- Motto: Fide et Fiducia (By Faith And By Trust)

Chief
- The Right Honourable Harry
- Earl of Rosebery and Midlothian
- Seat: Dalmeny House

= Clan Primrose =

Lowland Scottish clan

Clan Primrose is a Lowland Scottish clan.

==History==

===Origins===
The surname derives from the lands of Primrose in the parish of Dunfermline, Fife. The farmstead stood at the junction of Grange Road and Primrose Lane in what is now a housing estate in the town of Rosyth. The name itself may come from the Pictish words *pren, "tree", and *ros, "moor", or the first element may be *prim, "first".

The earliest recorded ancestor of the Earls of Rosebery is Henry Primrose, born sometime prior to 1490, who lived in the neighbourhood of Culross Abbey. Henry's son was Gilbert Primrose (surgeon), (c.1535 -18 April 1616), who became Surgeon to King James VI of Scotland.

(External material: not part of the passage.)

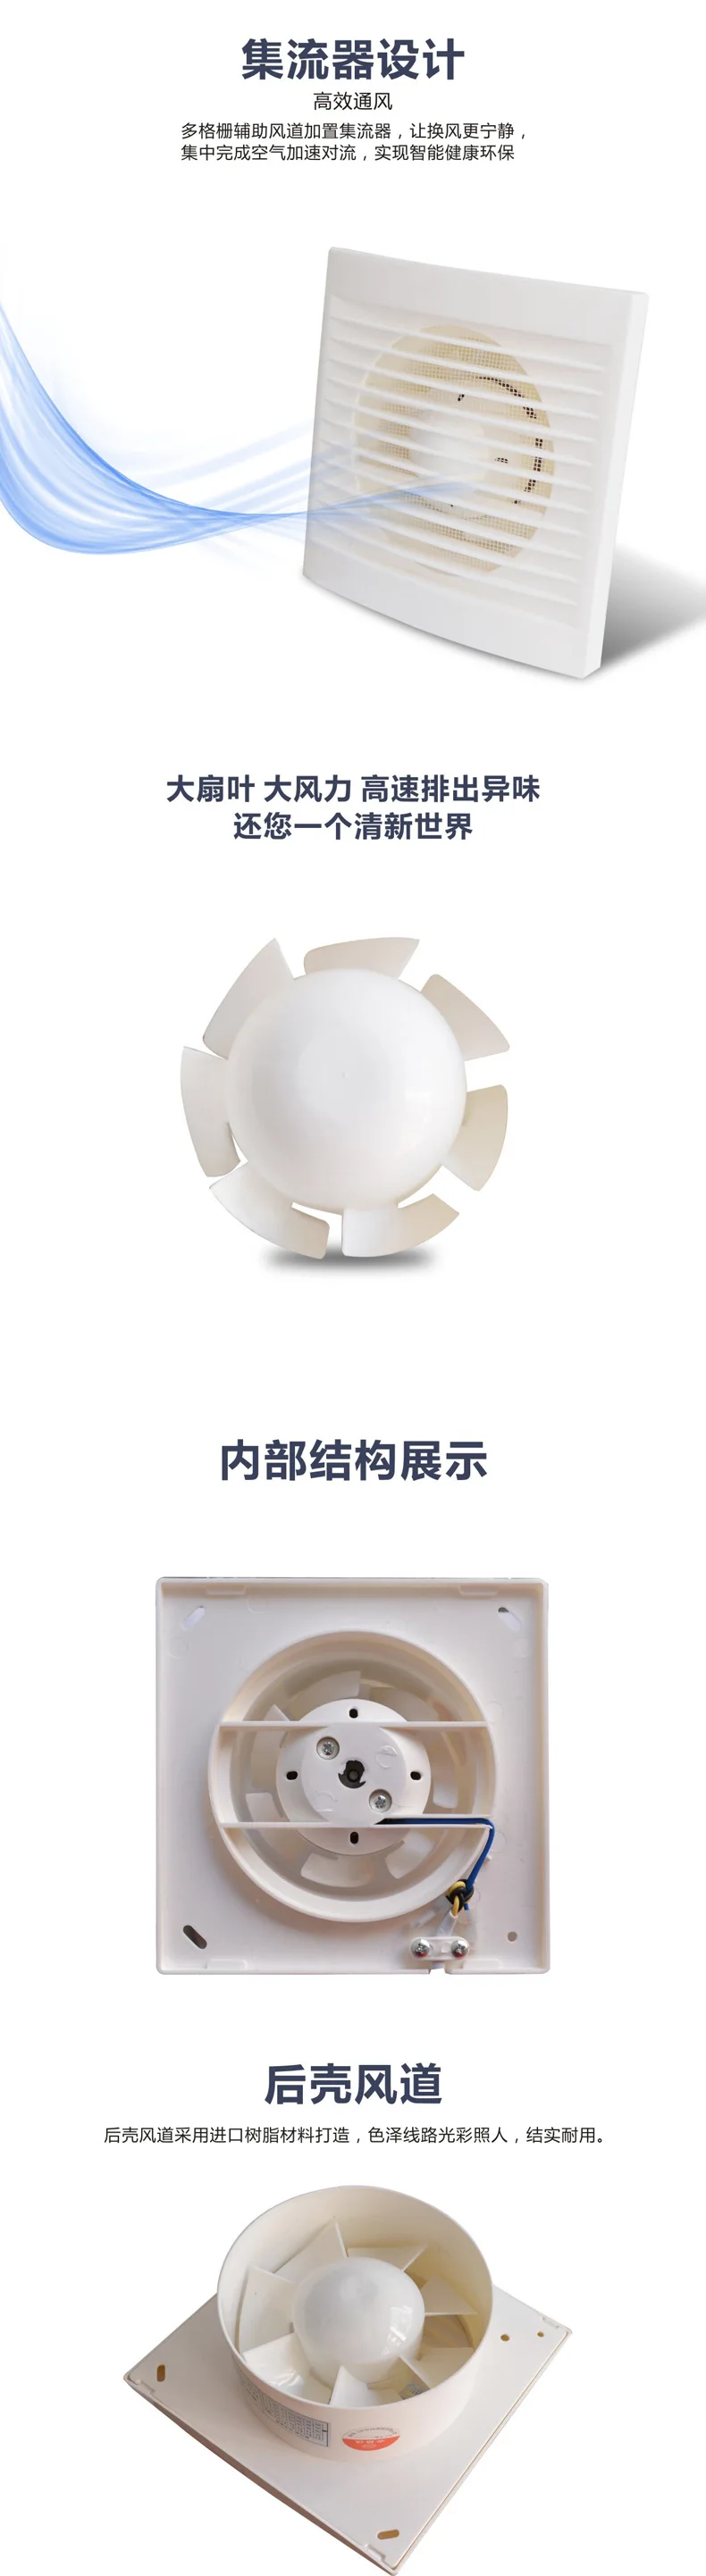 12 Вт 220 В белый подвесной настенный стеклянный вентилятор, вытяжной вентилятор для туалета, ванной, кухни, размер отверстия 110x110 мм

===17th century and Civil War===

Gilbert's son was Gilbert Primrose (minister) (1580?–1641), one of the Ministers of the reformed church at Bordeaux, and afterwards of the French Protestant Church of London. He was appointed Chaplain to King James VI of Scotland (later also King of England and King of Ireland) and Charles I of England. In 1628 he became Dean of Windsor. A grandson of Henry was James Primrose (d. 1641) who was Clerk of the Privy Council of Scotland and was the second son of Archibald Primrose of Culross and of Burnbrae, Perthshire (c.1538–?), by Margaret Bleau of Castlehill, Perthshire. By his first wife, Sibylla Miller, James had a son Gilbert, and six daughters, of whom Alison became the second wife of George Heriot [q. v.], jeweller to James VI. By his second wife, Catharine, daughter of Richard Lawson of Boghall, he had six daughters and six sons, including Archibald.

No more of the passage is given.